Capital market disruption

– During the Covid-19, Dow Jones has touched record high. The valuations of a number of companies are way beyond their existing business model potential. This can lead to capital market correction which can put a number of suppliers, collaborators, value chain partners in great financial difficulty. It will directly impact the business of Terracom.

Easy access to finance

– Easy access to finance in Coal industry will also reduce the barriers to entry in the industry, thus putting downward pressure on the prices because of increasing competition. Terracom can utilize it by borrowing at lower rates and invest it into research and development, capital expenditure to fortify its core competitive advantage.

New competition

– After the dotcom bust of 2001, financial crisis of 2008-09, the business formation in US economy had declined. But in 2020 alone, there are more than 1.5 million new business applications in United States. This can lead to greater competition for Terracom in the Coal sector and impact the bottomline of the organization.

Technology disruption because of hacks, piracy etc

– The colonial pipeline illustrated, how vulnerable modern organization are to international hackers, miscreants, and disruptors. The cyber security interruption, data leaks, etc can seriously jeopardize the future growth of the organization.

Barriers of entry lowering

– As technology is more democratized, the barriers to entry to Coal industry are lowering. It can presents Terracom with greater competitive threats in the near to medium future. Secondly it will also put downward pressure on pricing throughout the Coal sector.

Learning curve for new practices

– As the technology based on artificial intelligence and machine learning platform is getting complex, Terracom may face longer learning curve for training and development of existing employees. This can open space for more nimble competitors in the field of Coal sector.

Stagnating economy with rate increase

– Terracom can face lack of demand in the market place because of Fed actions to reduce inflation. This can lead to sluggish growth in the economy, lower demands, lower investments, higher borrowing costs, and consolidation in the Coal industry.




Weighted SWOT Analysis of Terracom Template, Example


Not all factors mentioned under the Strengths, Weakness, Opportunities, and Threats quadrants in the SWOT Analysis are equal. Managers at Terracom needs to zero down on the relative importance of each factor mentioned in the Strengths, Weakness, Opportunities, and Threats quadrants. We can provide the relative importance to each factor by assigning relative weights. Weighted SWOT analysis process is a three stage process –

First stage for doing weighted SWOT analysis of Terracom is to rank the strengths and weaknesses of the organization. This will help you to assess the most important strengths and weaknesses of the firm and which one of the strengths and weaknesses mentioned in the initial lists are marginal and can be left out.

Second stage for conducting weighted SWOT analysis of Terracom is to give probabilities to the external strategic factors thus better understanding the opportunities and threats arising out of macro environment changes and developments.

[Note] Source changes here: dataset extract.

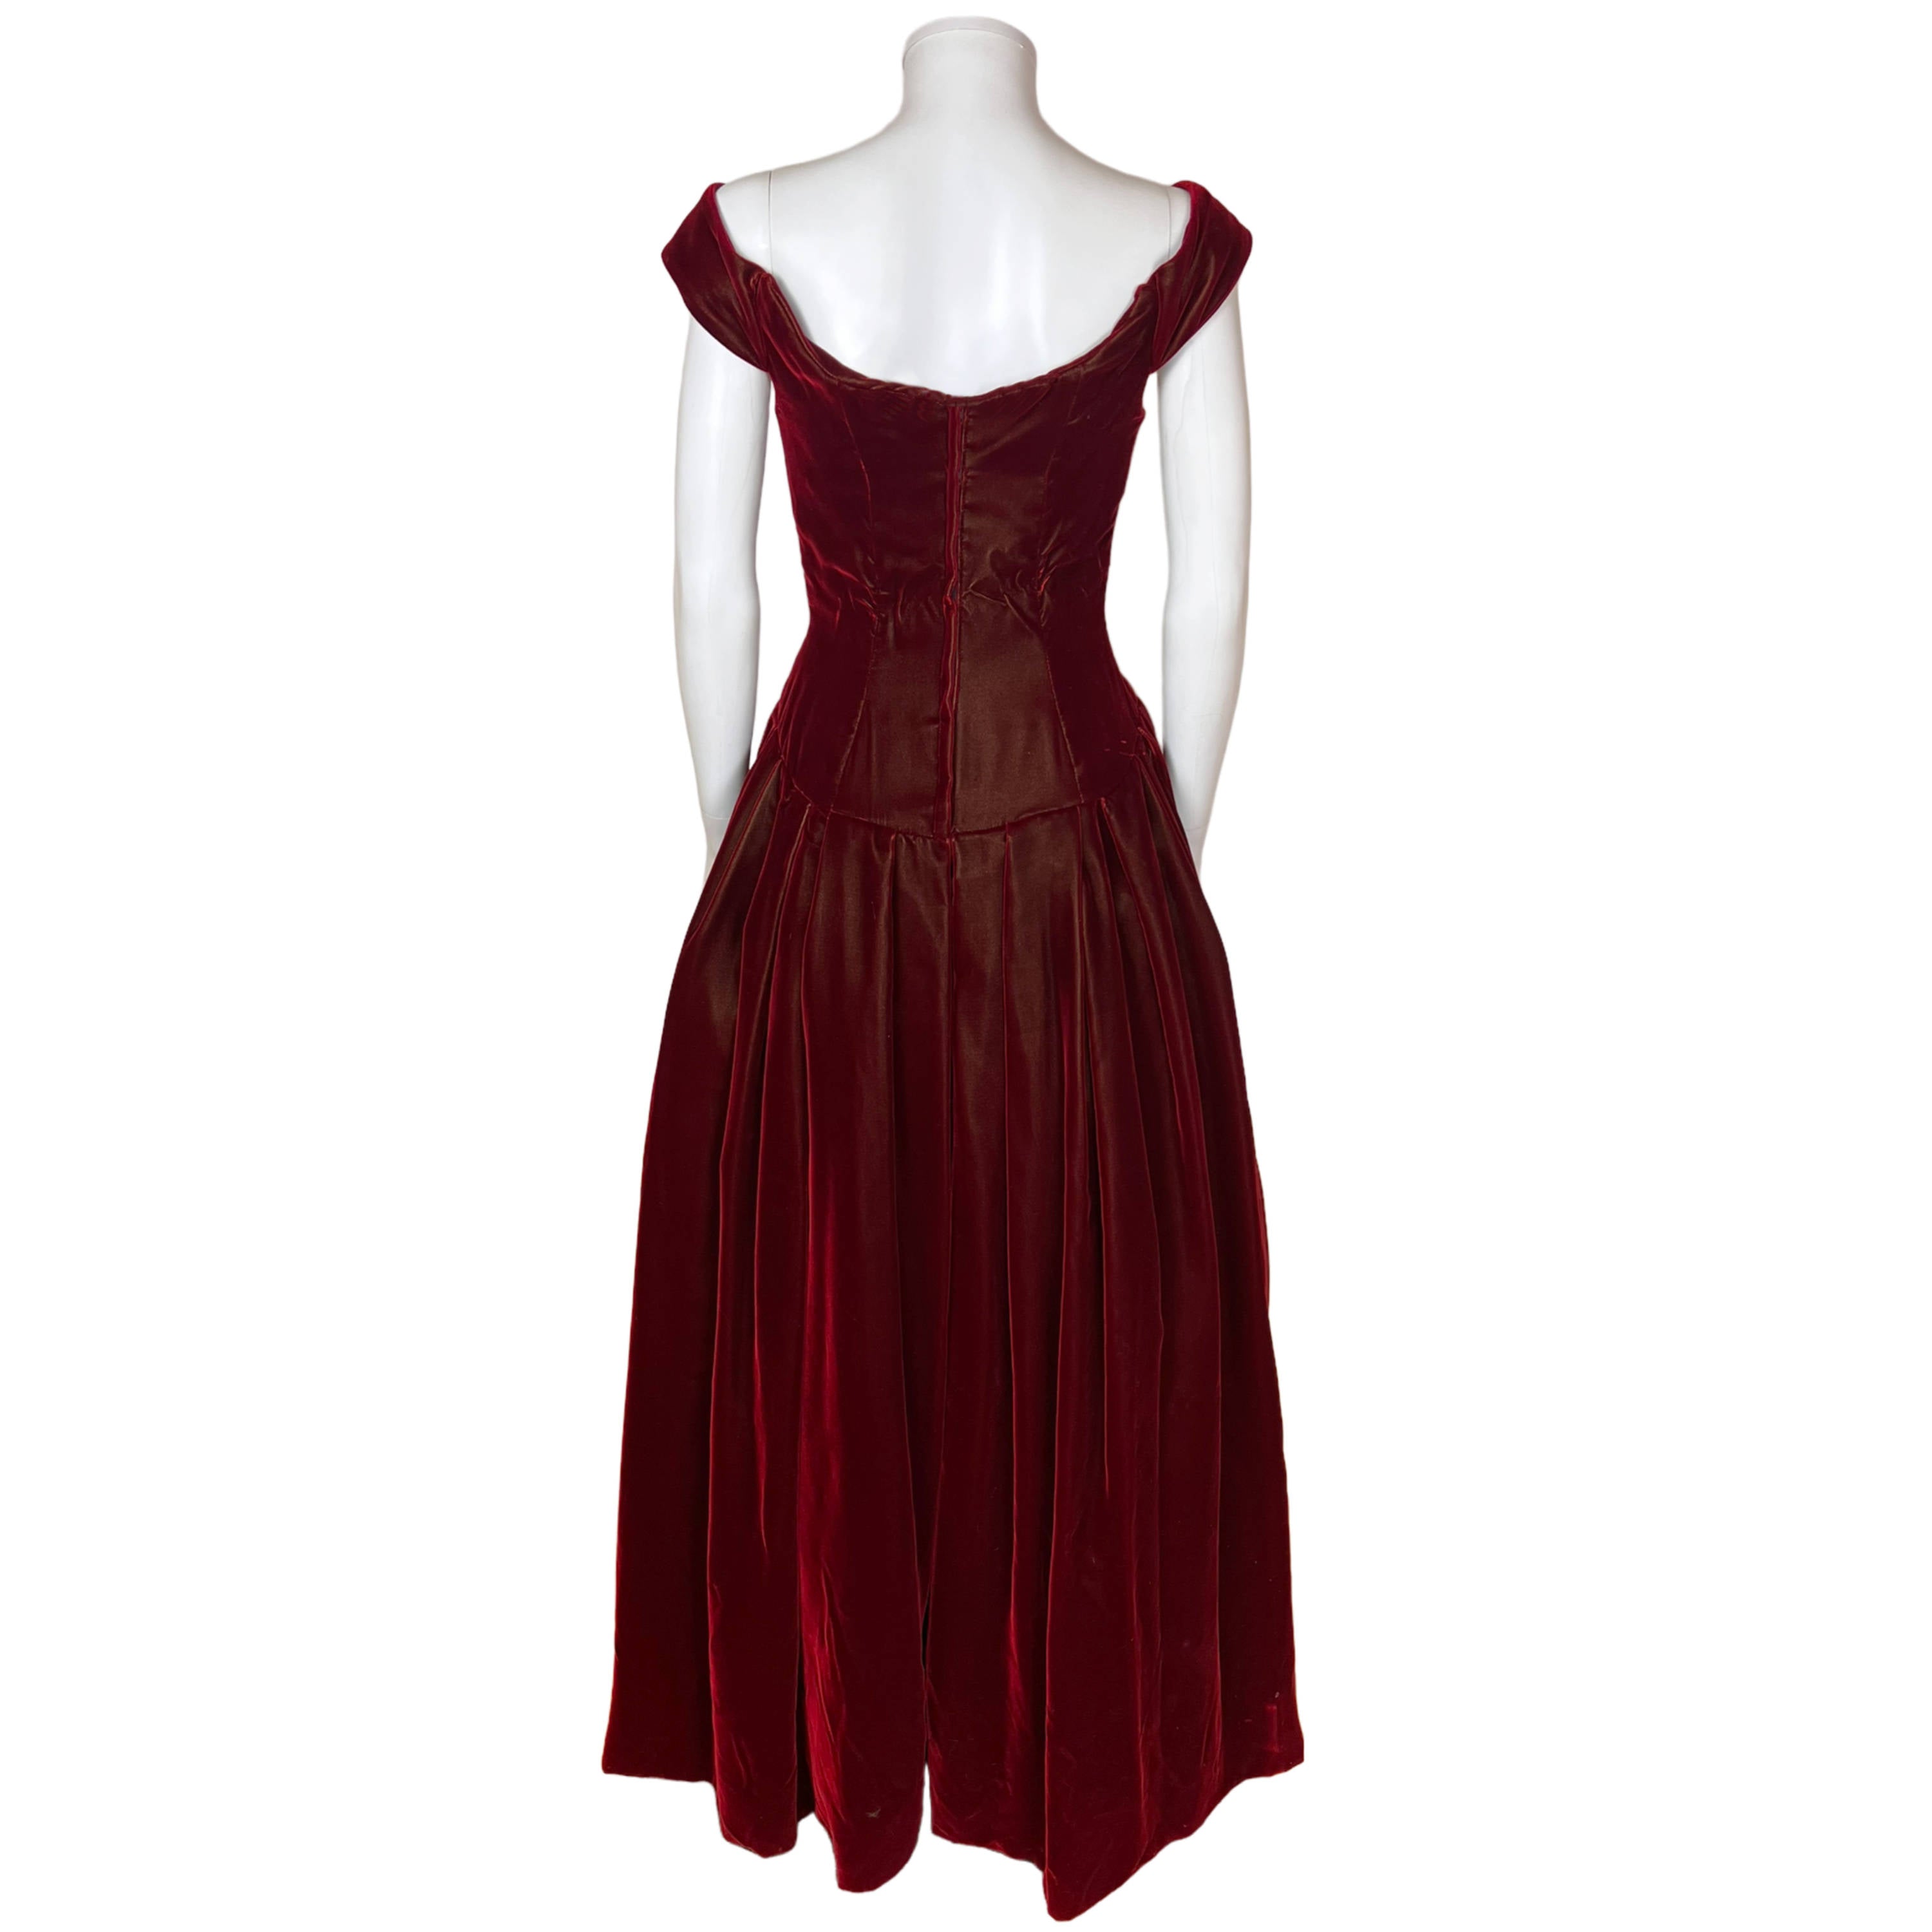 Vintage Evening Gowns and Formal Wear | Poppy's Vintage Clothing
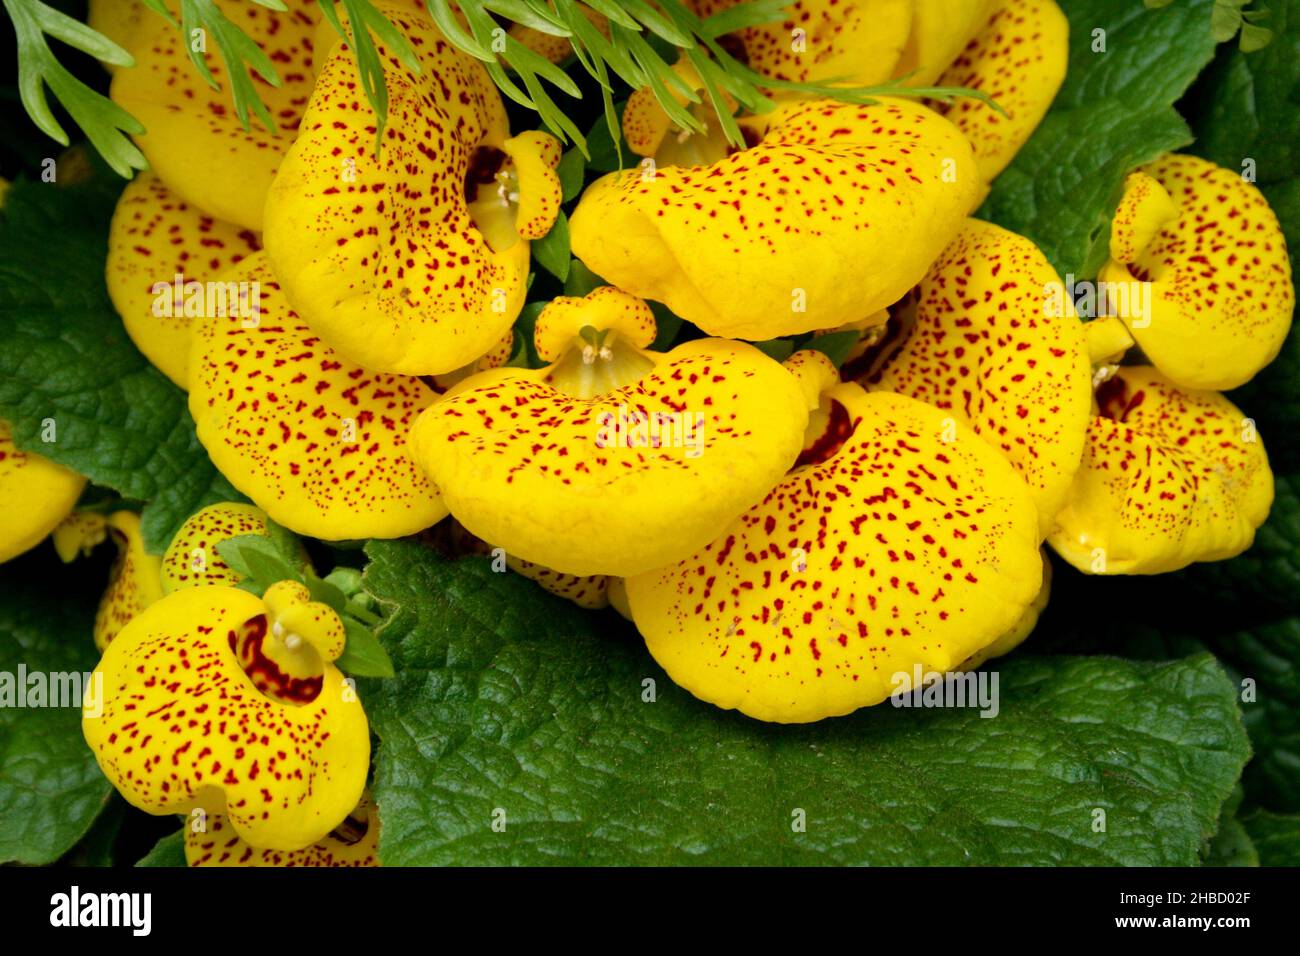 Calceolaria plant also called lady's purse, slipper flower, pocketbook flower or slipperwort, Stock Photo

Third stage of constructing weighted SWOT analysis of Terracom to provide strategic recommendations includes – joining likelihood of external strategic factors such as opportunities and threats to the internal strategic factors – strengths and weaknesses. You should start with external factors as they will provide the direction of the overall industry. Secondly by joining probabilities with internal strategic factors can help the company not only strategic fit but also the most probably strategic trade-off that Terracom needs to make to build a sustainable competitive advantage.